GD: And I should say you’re, I guess, kind of used to being in a production with lots of moving parts because I’ve had the pleasure of seeing you on Broadway recently. You’ve had a pretty steady period of going back and forth between film or TV work and Broadway. You just won your first Tony Award two years ago for “The Band’s Visit.” Is that sort of the ideal situation for you to be able to oscillate between stage and screen often like that? 

TS: For me, it is. I can’t speak for everyone, but for me, it’s when I feel the most healthy in many ways, mentally and creatively, I guess. There have been periods, for example, when I first moved out to Los Angeles after having lived in New York and done primarily theater for lots of years. First going out to Los Angeles, then I sort of got into TV work, which was great, too. But I woke up one day and realized, “Oh, my God, I’ve been working, but I haven’t done a play in maybe nine years or something, seven or eight years.” And I just felt like something was out of balance and then when I did go back to do a play, finally, oh, my God, I just felt centered again. So for me, moving from one to the other is a great thing and I really hope that I’ll be able to continue that. I mean, obviously, we don’t know when theater is coming back, but we’re all hopeful that we’ll be able to get to it. 

GD: And I should say too, some people who watch the Tonys were surprised it took you that long to get a Tony Award for “The Band’s Visit” because you had such great performances before. But you also have a great track record at the Emmys from “Monk” and “Mrs. Maisel,” winning four out of 11 nominations and also, our readers nominated you for the Gold Derby Award again this year. So you have that as well. If you look back at your first win for “Monk,” how does the most recent win for “Mrs. Maisel” compare? How do those two experiences compare when you look back at your first experience at the Emmys?

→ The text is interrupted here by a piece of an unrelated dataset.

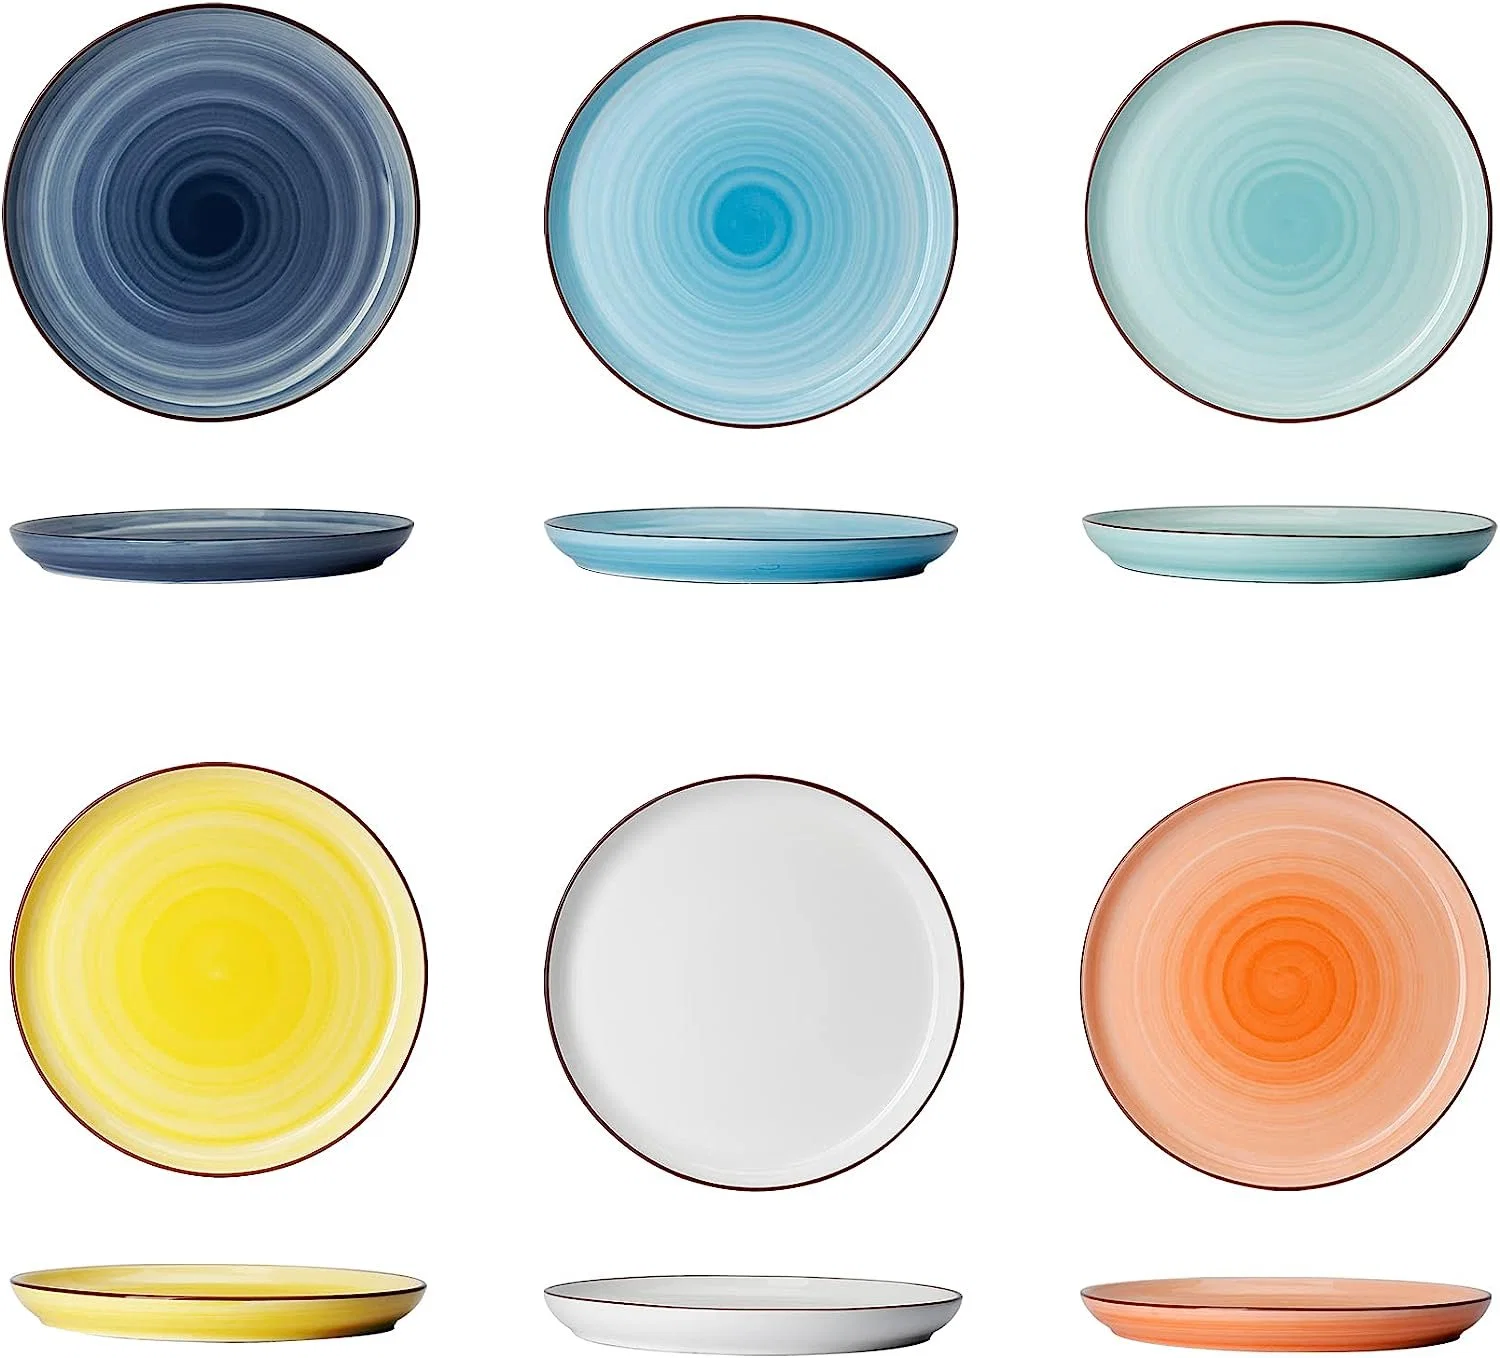 Vente en gros rond céramique porcelaine de style porcelaine de couleur bleue et blanche céramique Assiette vaisselle
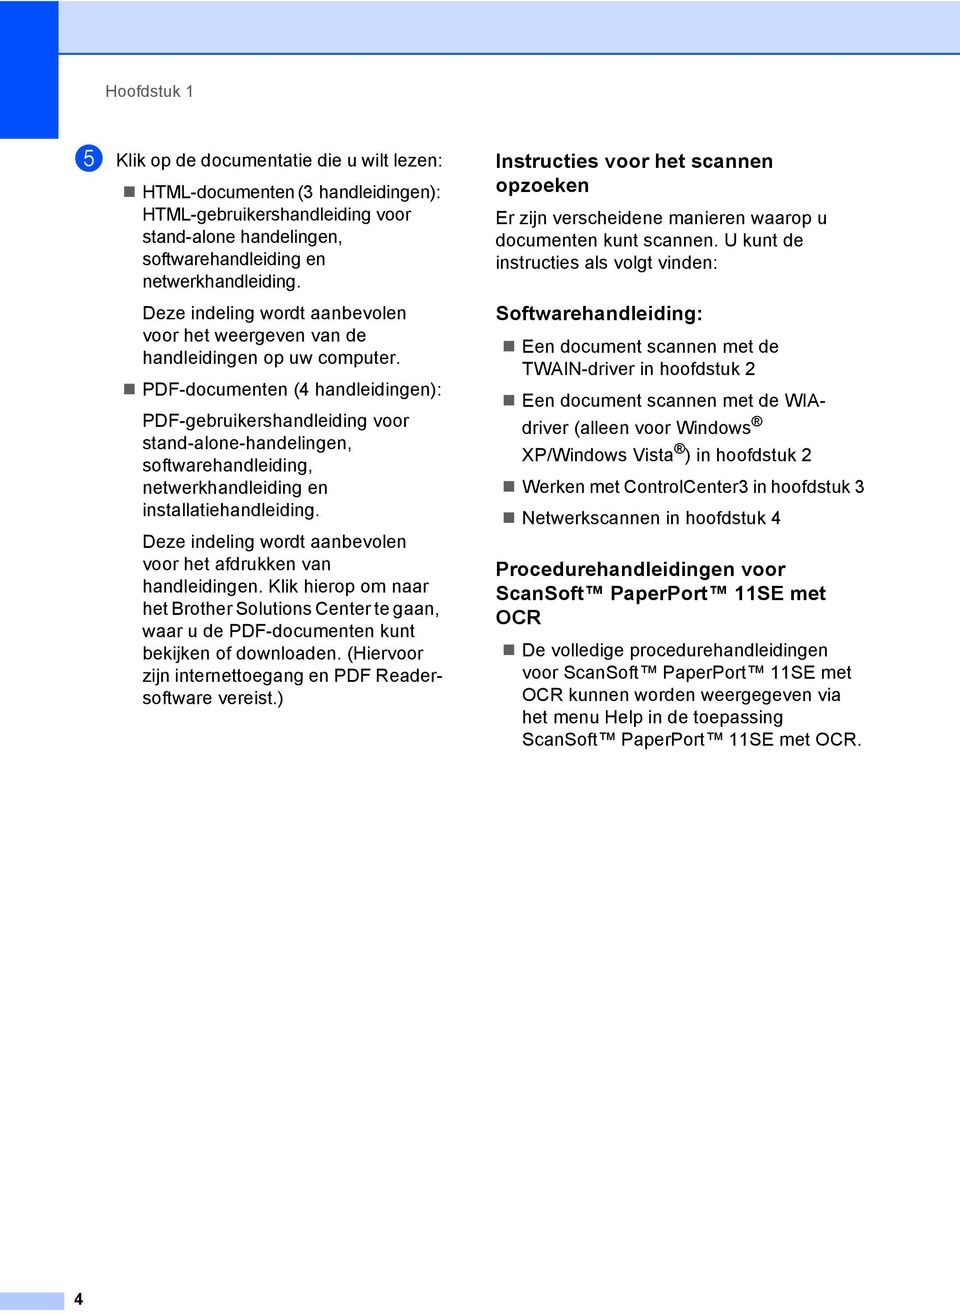 PDF-documenten (4 handleidingen): PDF-gebruikershandleiding voor stand-alone-handelingen, softwarehandleiding, netwerkhandleiding en installatiehandleiding.

TS: Oh boy, yeah. Well, in the sense that they both seemed so unlikely, I guess the first time, when we were in the early days of “Monk,” we were like a little basic cable show. That’s how we felt and kind of like the little engine that could and I was up against heavy, heavy hitters on major network shows. That was way prior to a lot of streaming things but network and premium cable shows, they were the heavy hitters. So that’s why it just felt somewhat unlikely. And then cutting to the last one last year, you just feel like, “OK, well there’s my time. ‘Monk’ was kind of my time in the sun, so to speak and that’s great and then that ends and then it’s someone else’s time and that’s fine.” But then to come around again and get it last year, it was kind of better in a way, because you just feel like, “Oh, I’m still in the game,” and it’s a different character and different challenges with this character, and so, to answer your question in short, it never gets old.